Riesling vs. Pinot Grigio – Which one’s better?

It goes without saying that the better wine depends on each person’s individual preferences, but there are certain factors like versatility which makes some wines have a slight edge over others. For cooking purposes, Pinot Grigio is better than Riesling as its dry and crisp taste elevates the subtle spices and herbs of your food. On the other hand, Riesling is too sweet to be used for cooking as the sugars in it can caramelize in the cooking process.

Both wines are great for tasting and can be served to guests at various events, However, it also depends on the food pairings. Pinot Grigio pairs well with most savory dishes, but Riesling’s sweetness could affect the taste of your food by making it too saccharine. This doesn’t mean that Riesling is a bad wine, it just has to be paired with heavier dishes which can handle its richness.

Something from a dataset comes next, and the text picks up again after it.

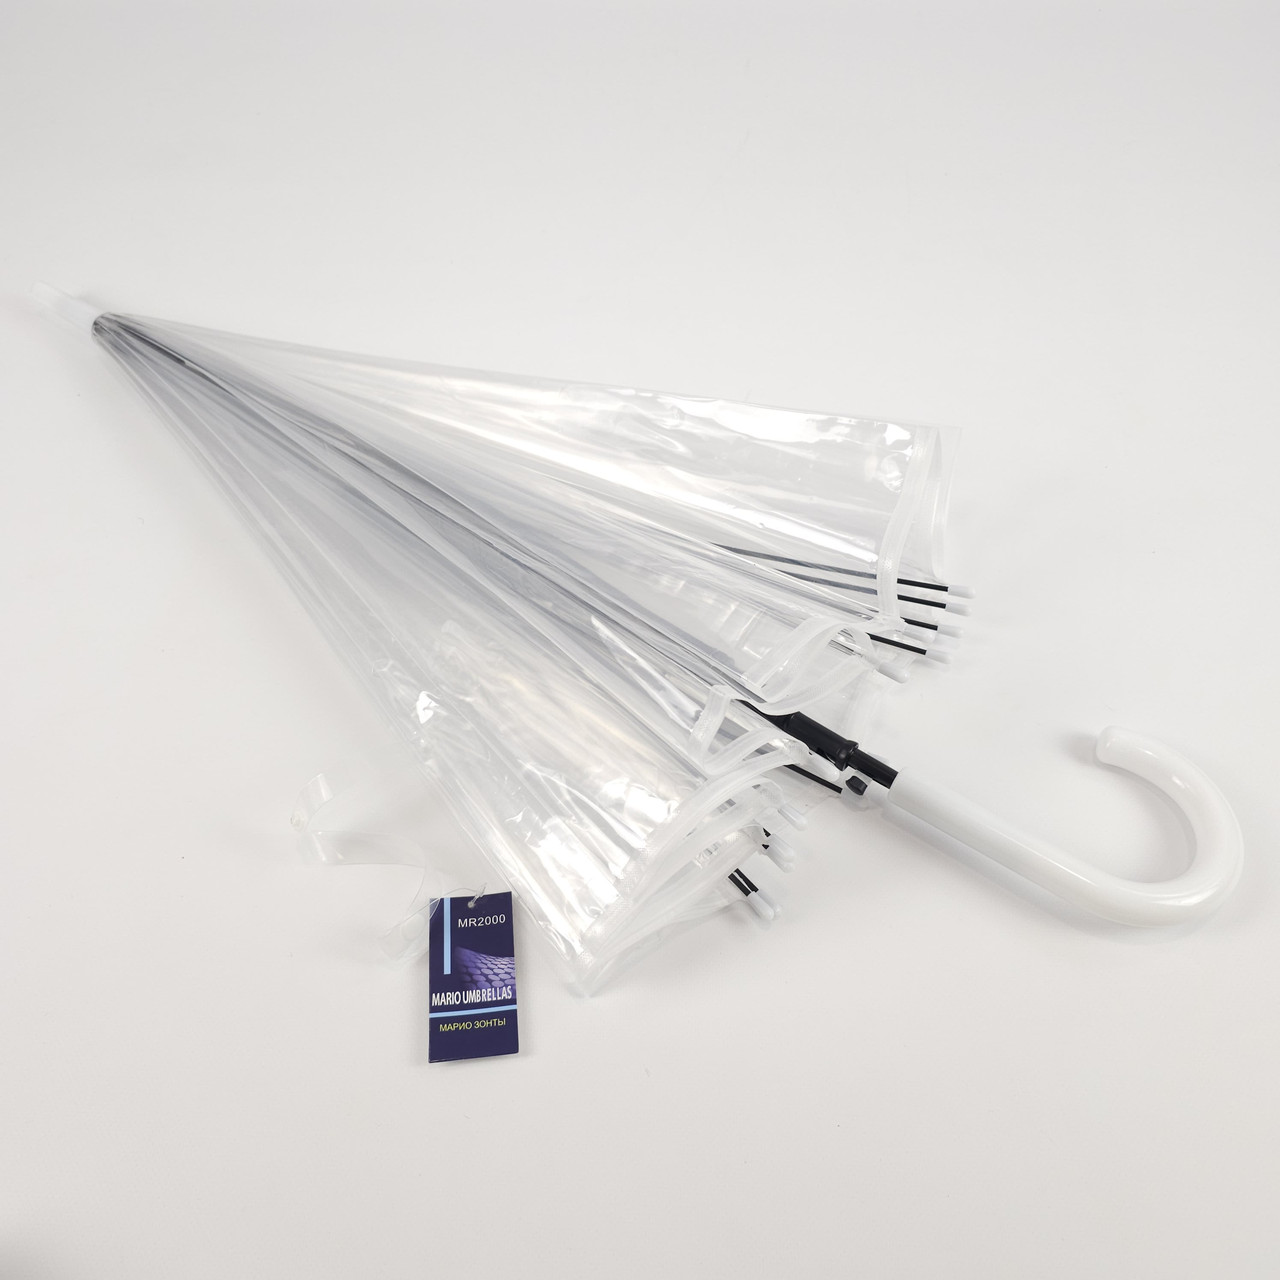 Прозора жіноча парасолька-тростина з 14 спицями та напівавтоматичним відкриттям, Біла ручка
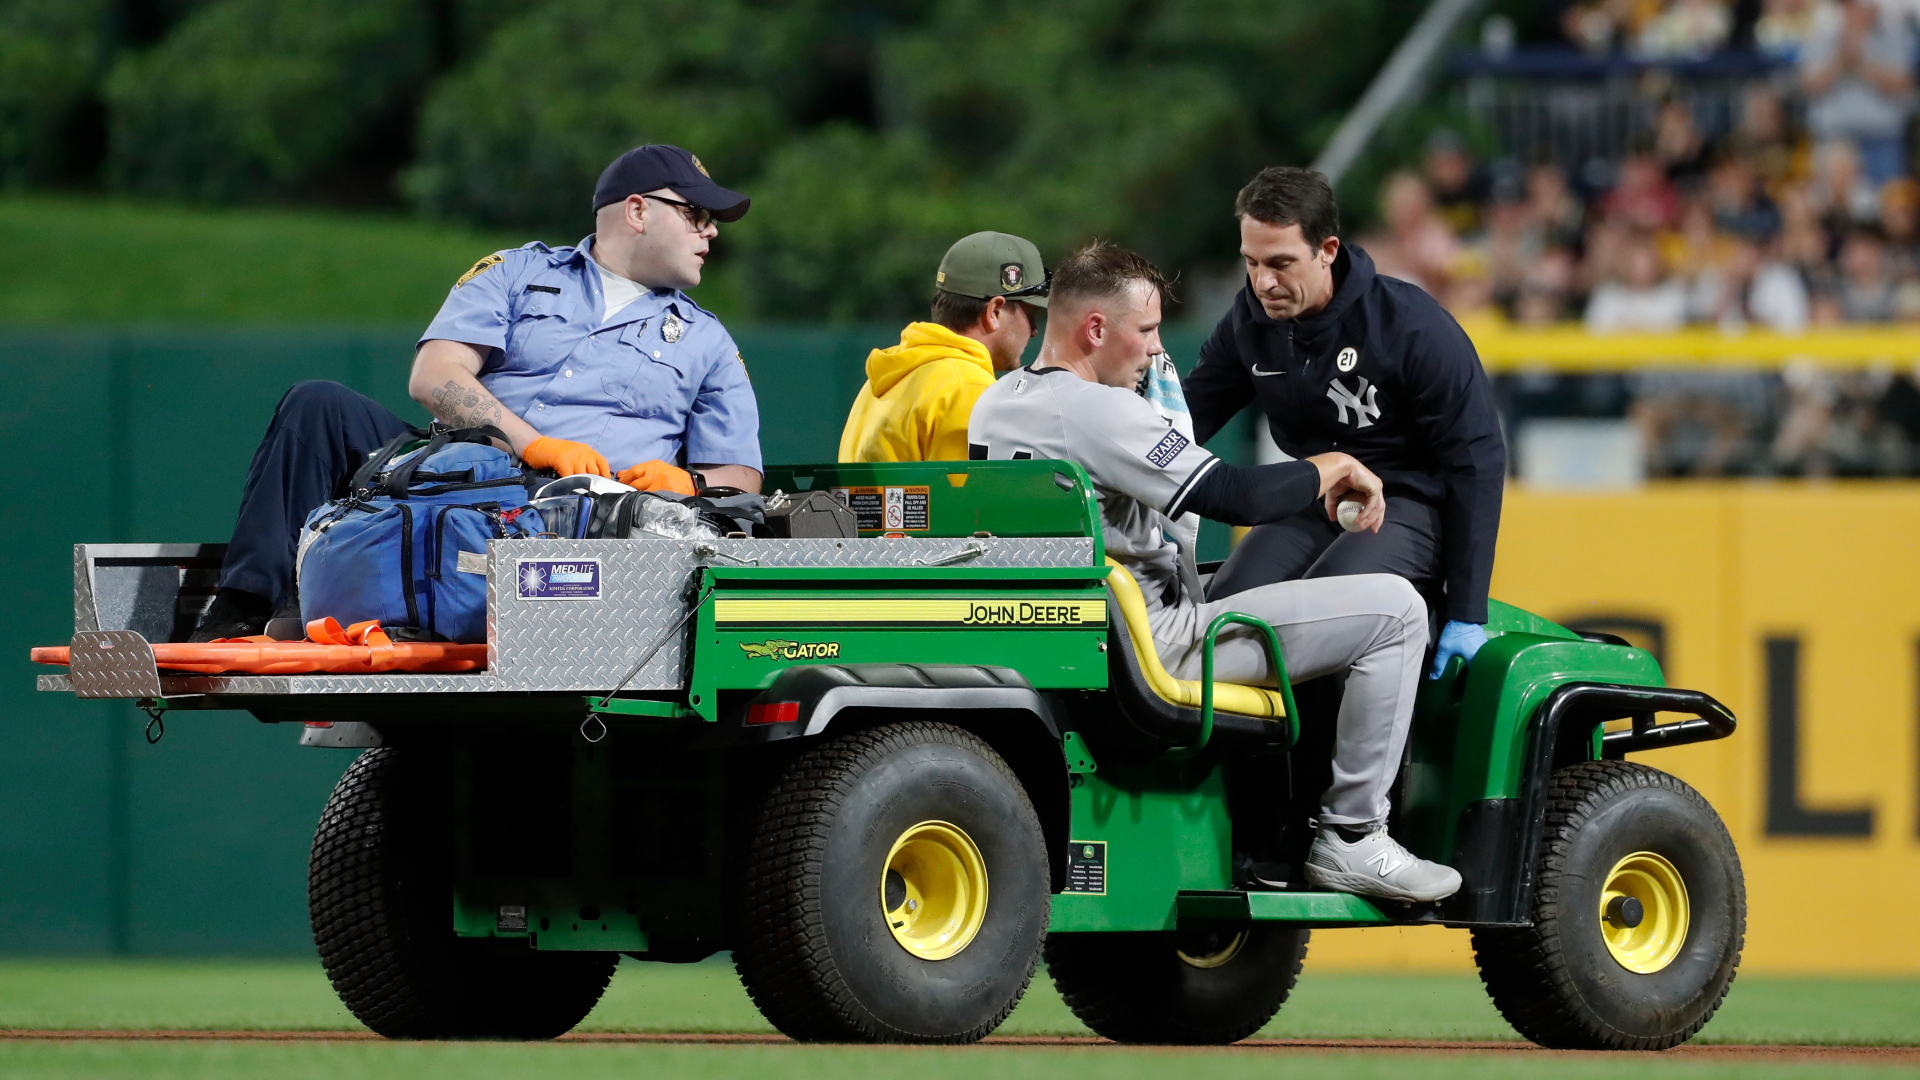 Yankees pitcher Anthony Misiewicz injured during Pirates game

Overall, Pinot Grigio seems to have a slight edge over Riesling as it is more versatile than the latter.

Final Thoughts

To conclude, Riesling is a sweeter white wine which offers fruity flavours, is crisp and light-bodied with higher levels of acidity, while the Pinot Grigio is a full-bodied neutral white wine which can be fruity or tart, with low to medium acidity levels. While both are beautifully delicious wines, it depends on one’s personal taste and food preference to choose between them.